» **SUPPLIED INFORMATION**:
###
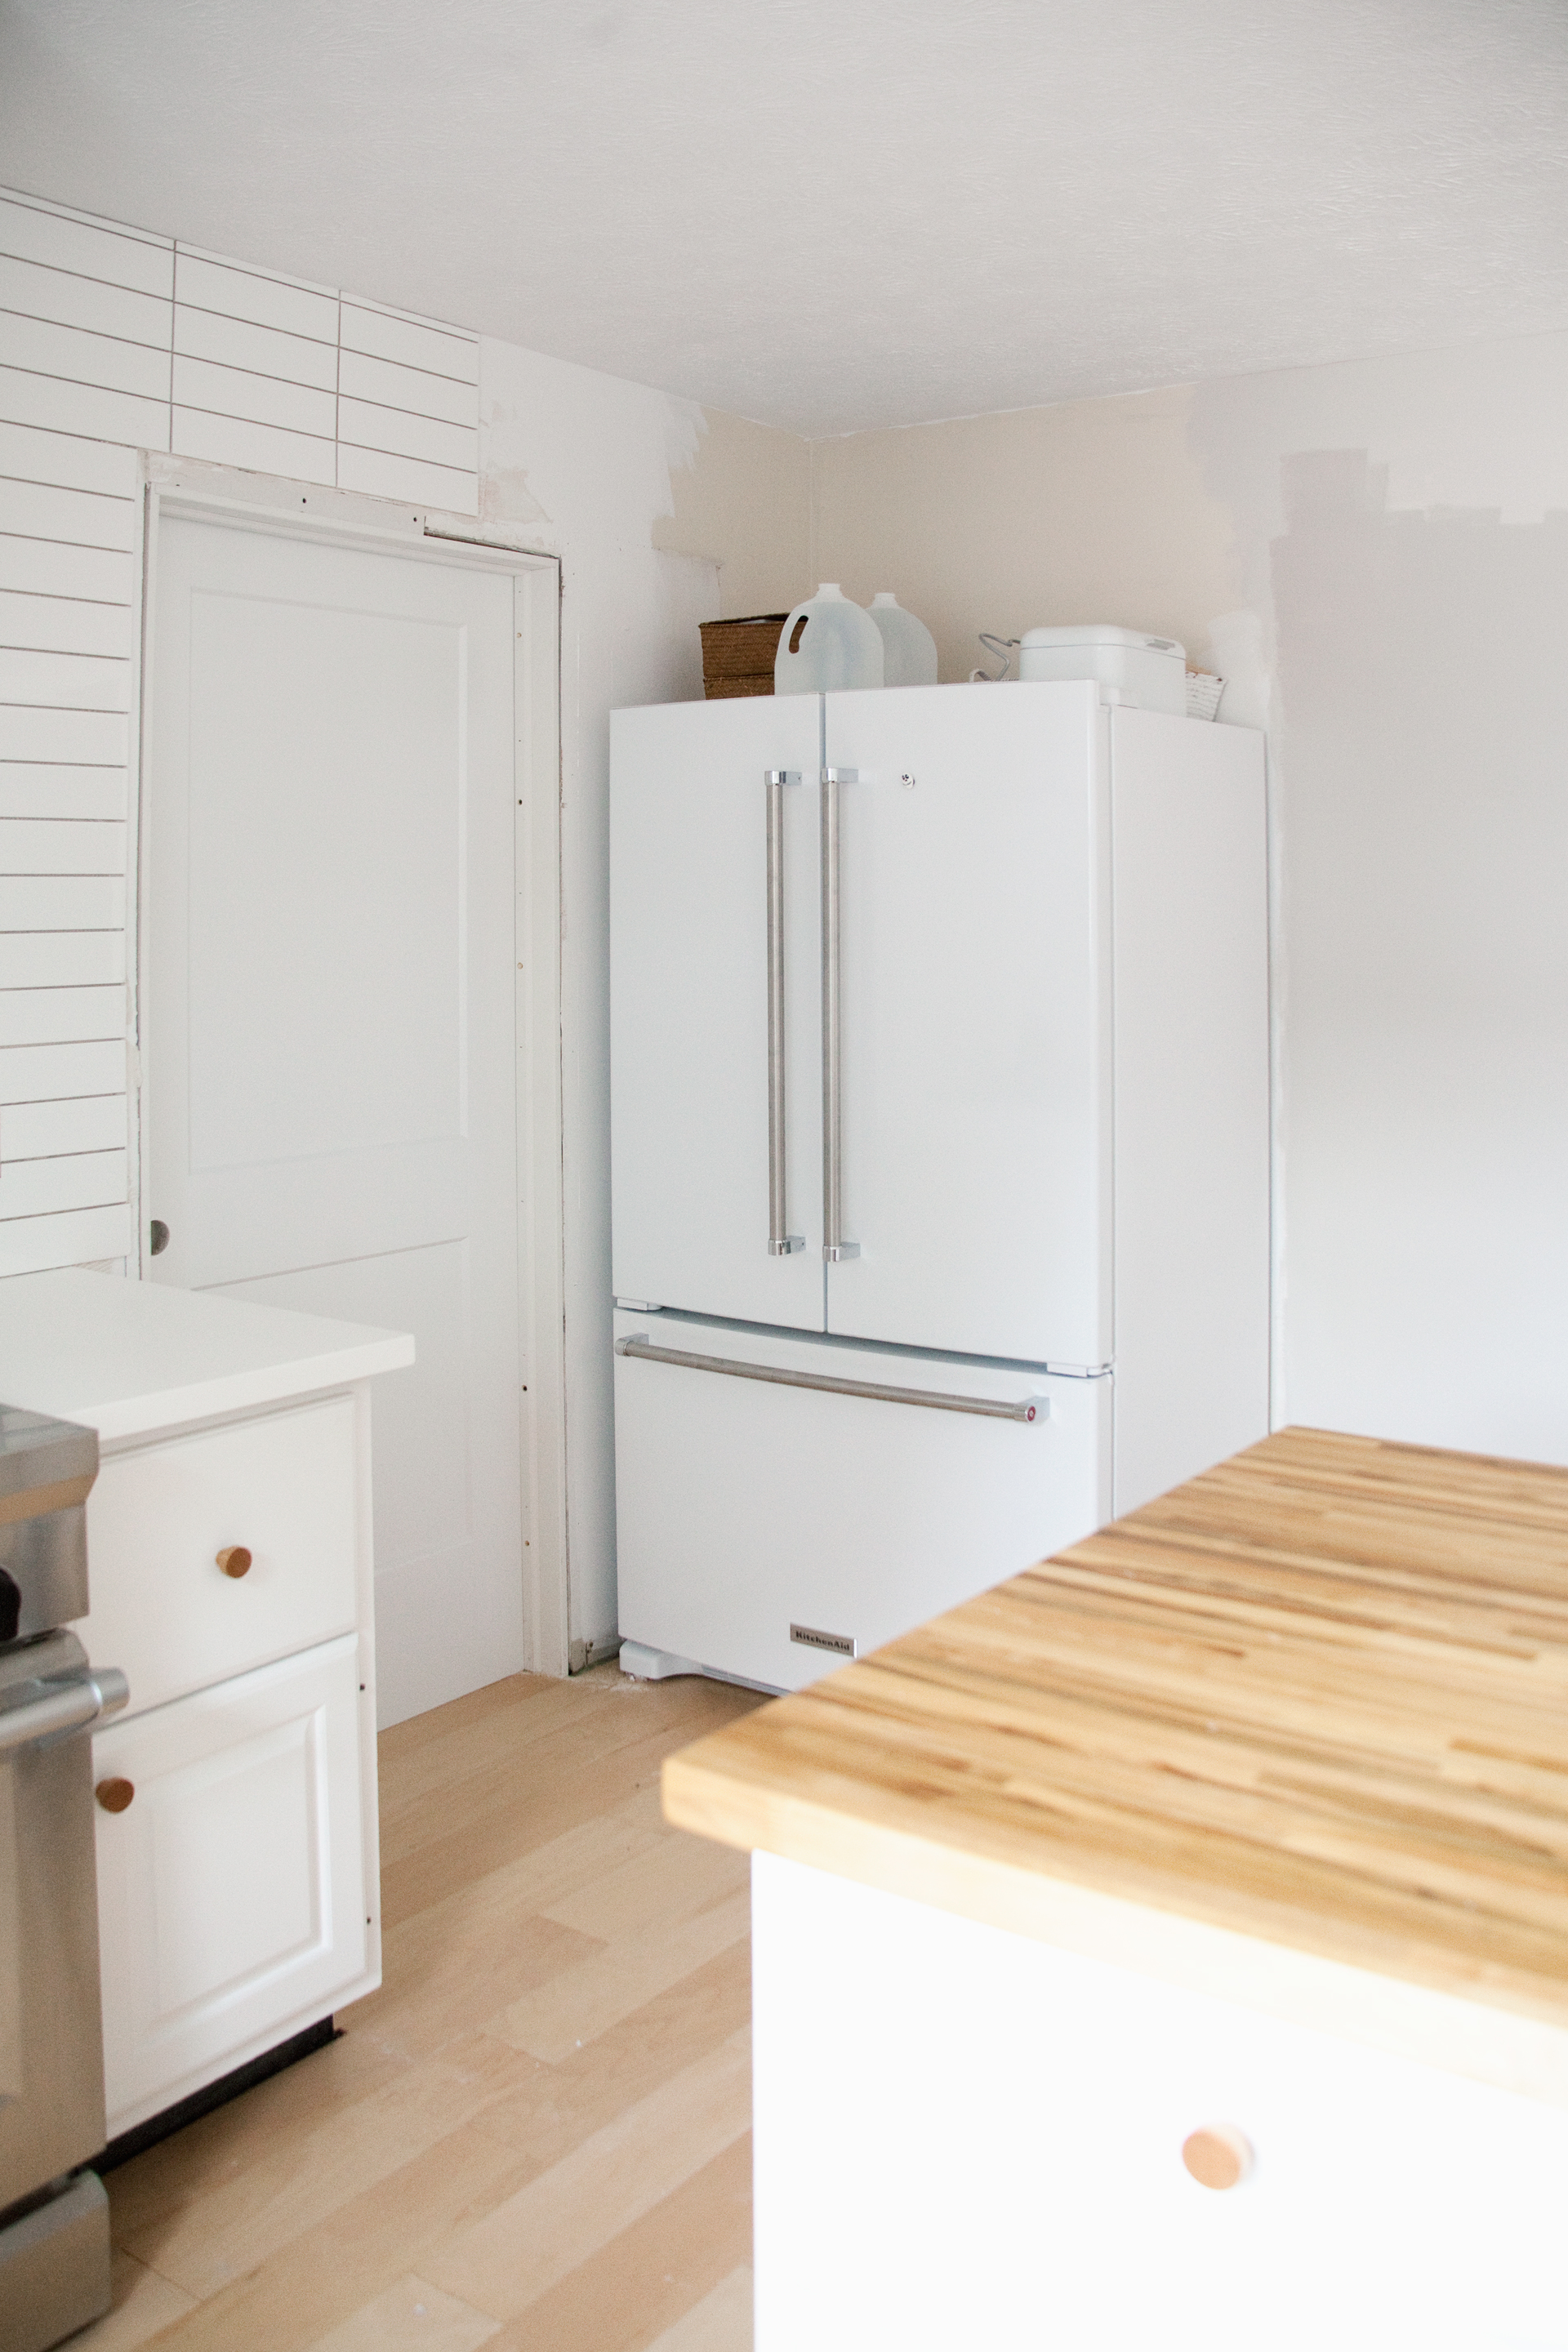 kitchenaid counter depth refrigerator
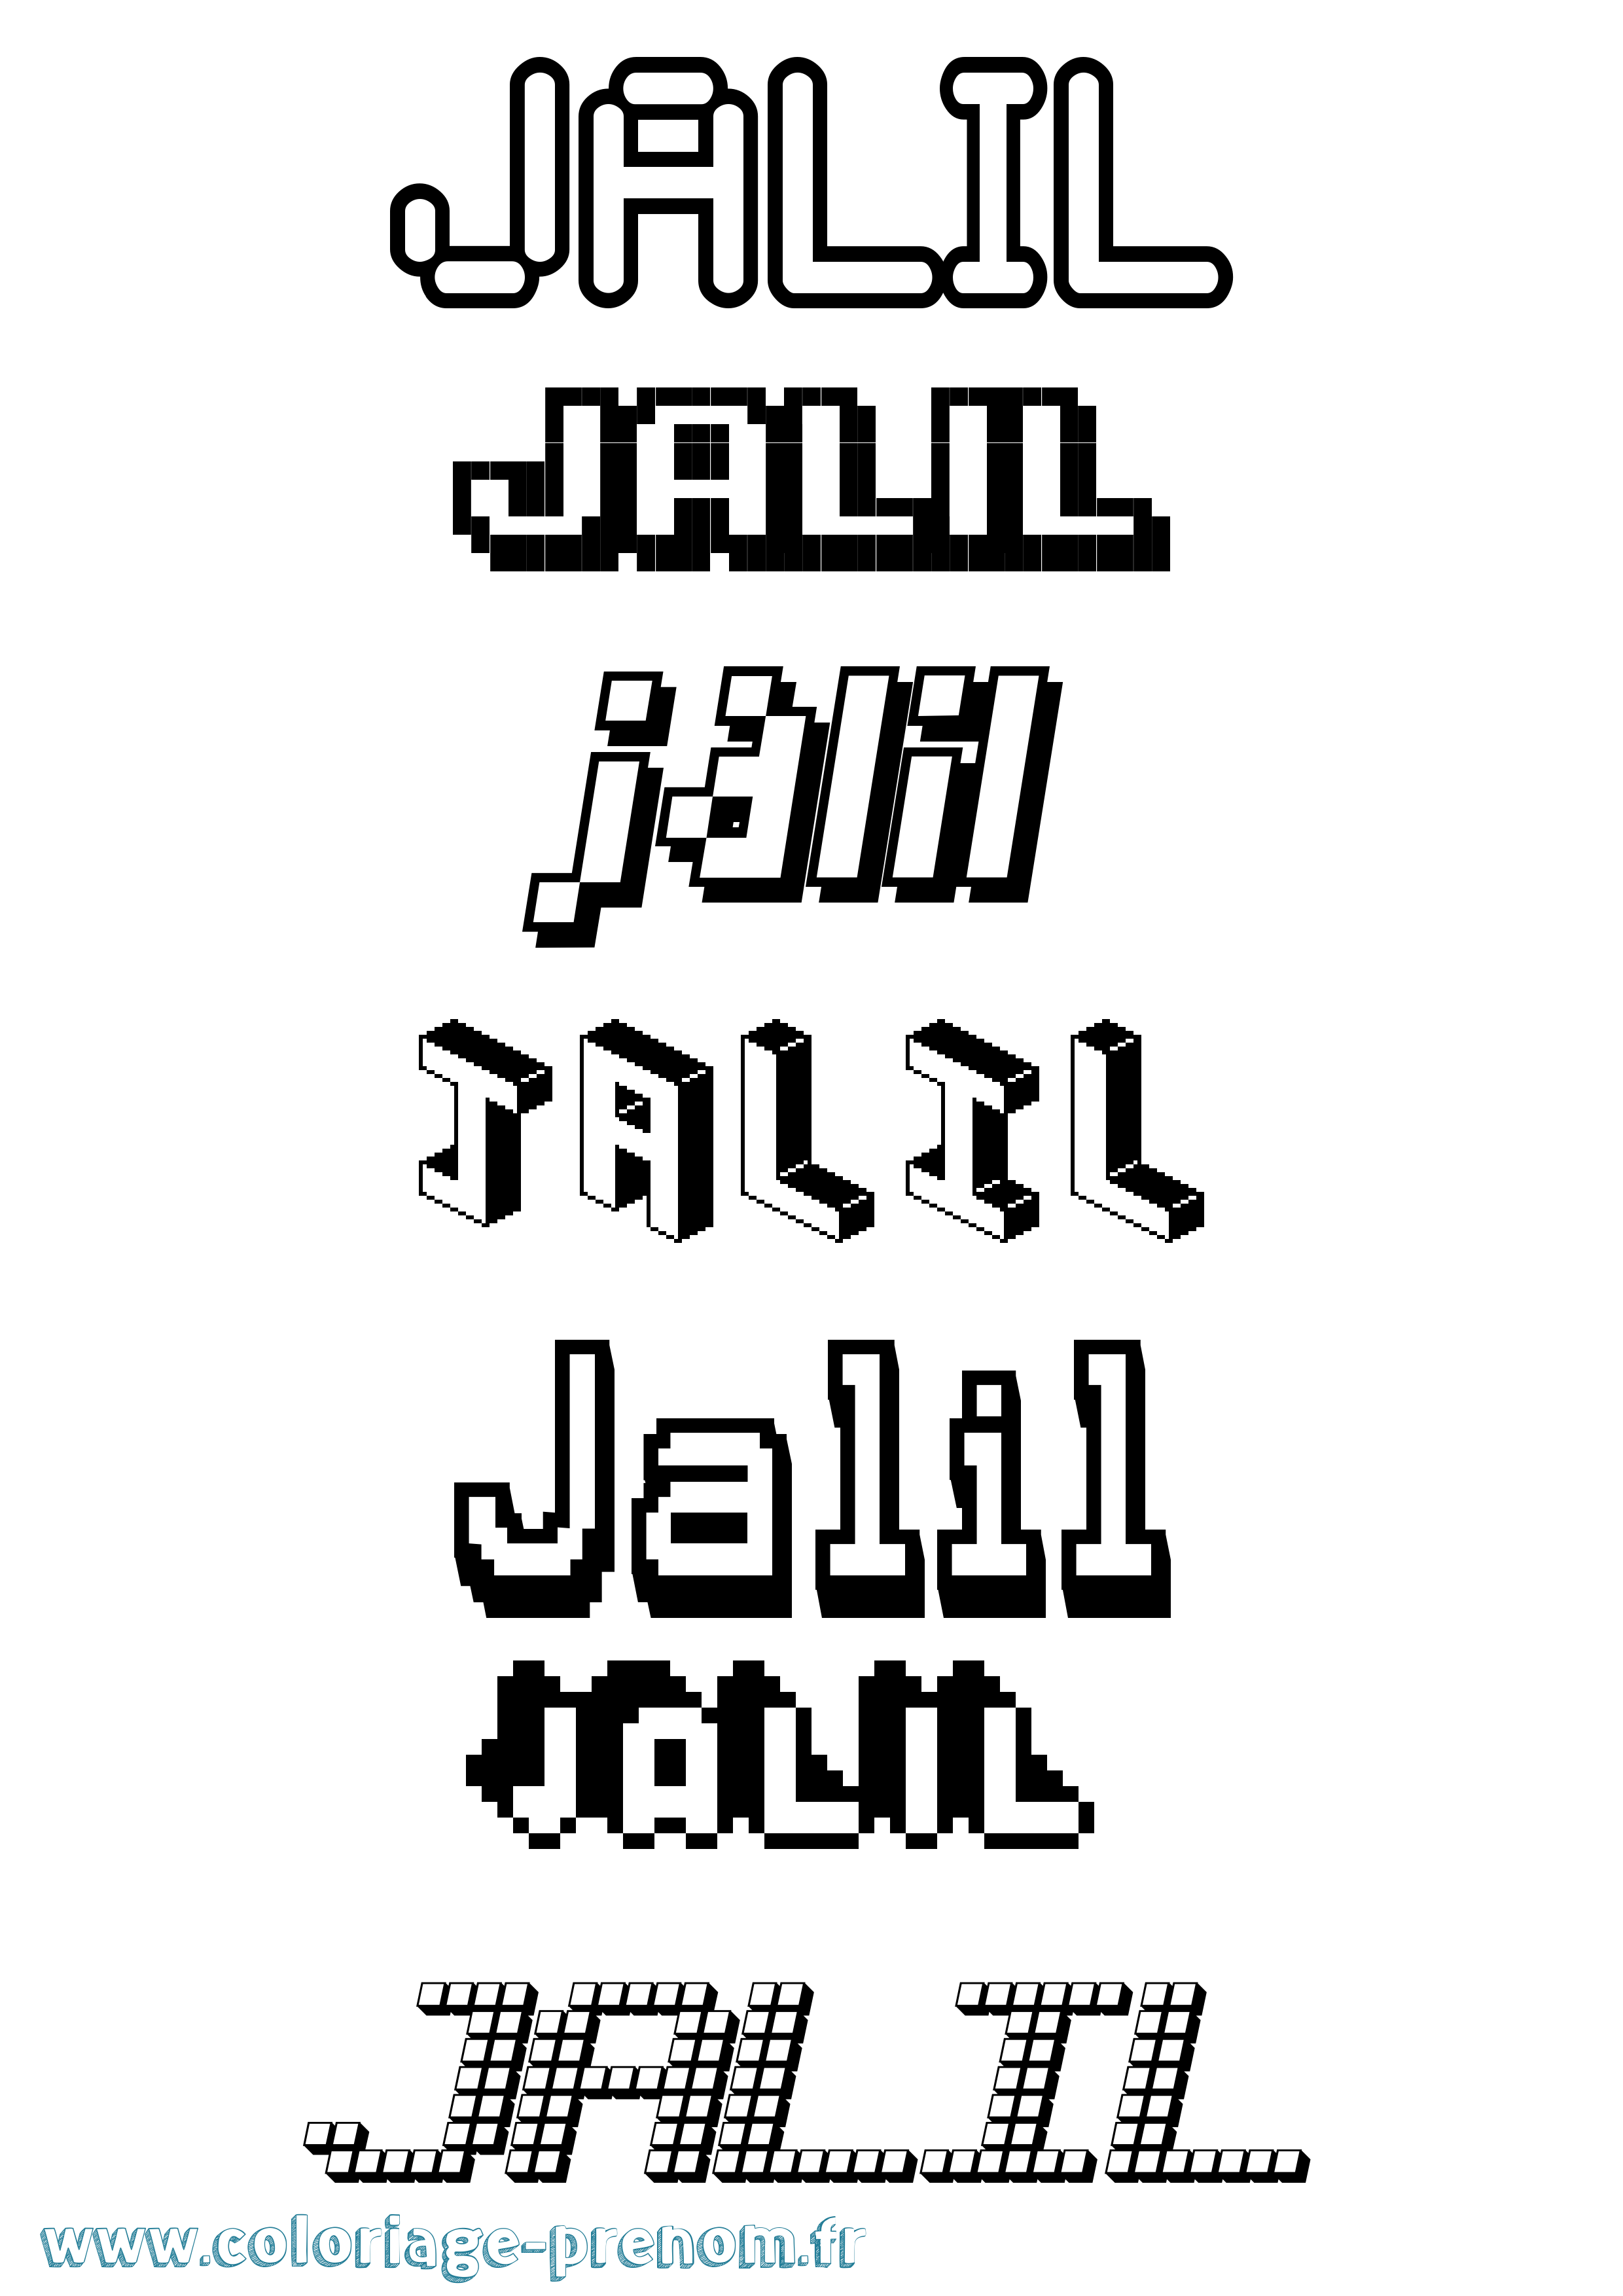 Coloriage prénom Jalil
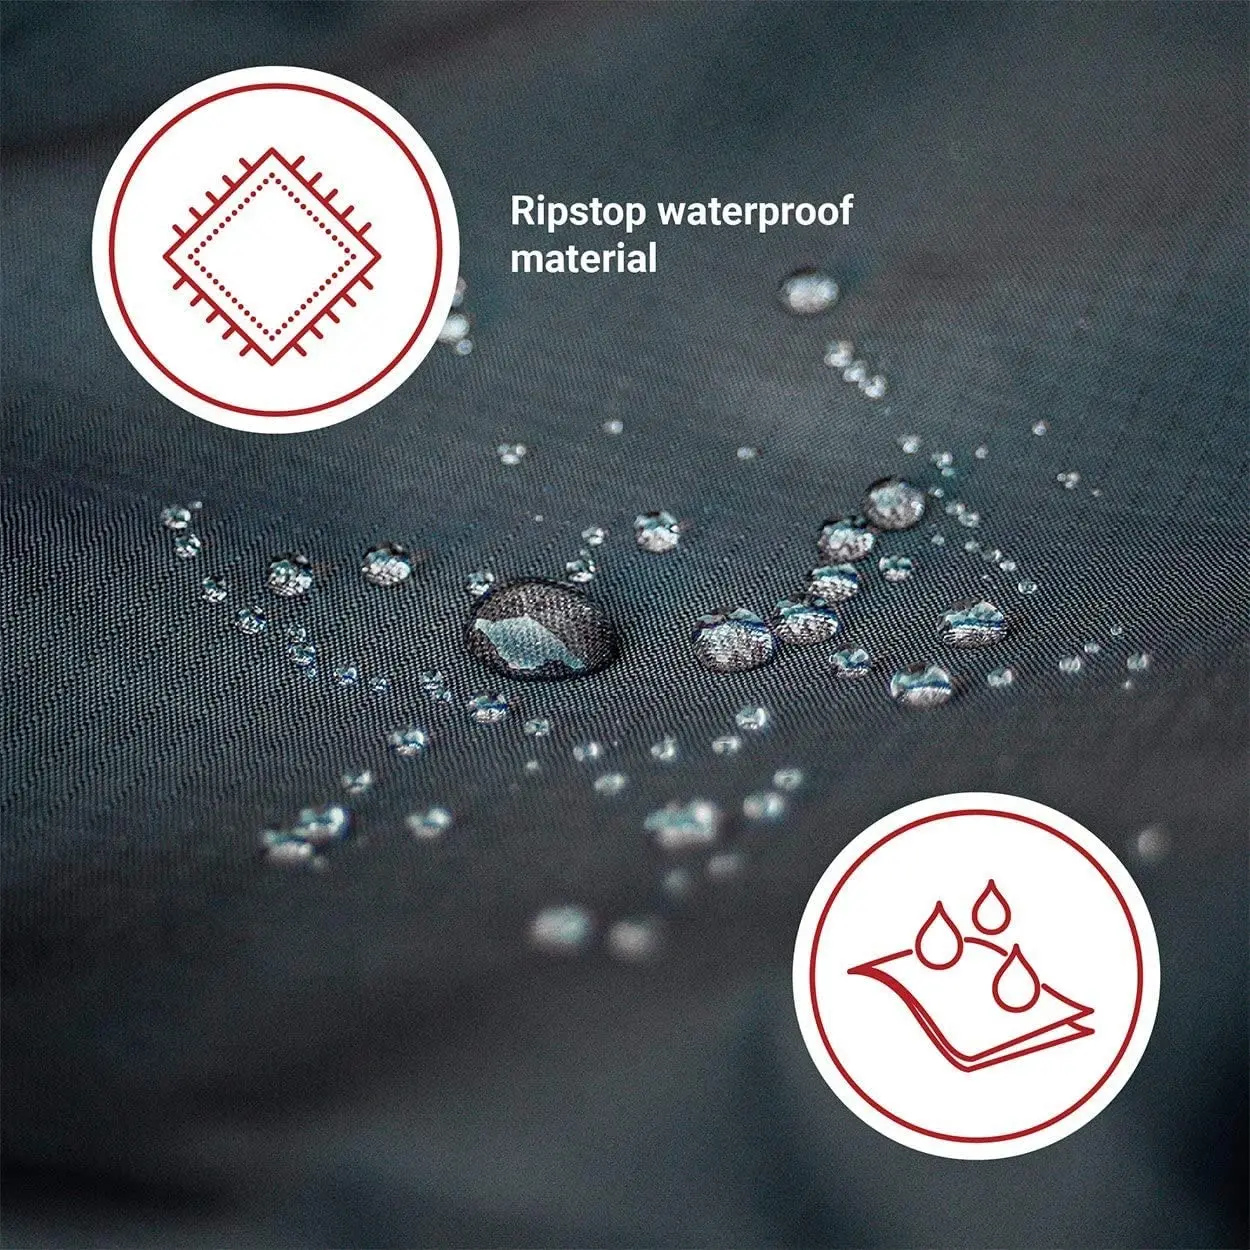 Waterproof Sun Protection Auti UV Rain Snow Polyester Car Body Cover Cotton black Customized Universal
###
» **TRY IT**:
Write out the material exactly as it stands, omitting every picture.

» **OUTPUT BELOW**:
 kitchenaid counter depth refrigerator
 Coloriage prénom Jalil
 Waterproof Sun Protection Auti UV Rain Snow Polyester Car Body Cover Cotton black Customized Universal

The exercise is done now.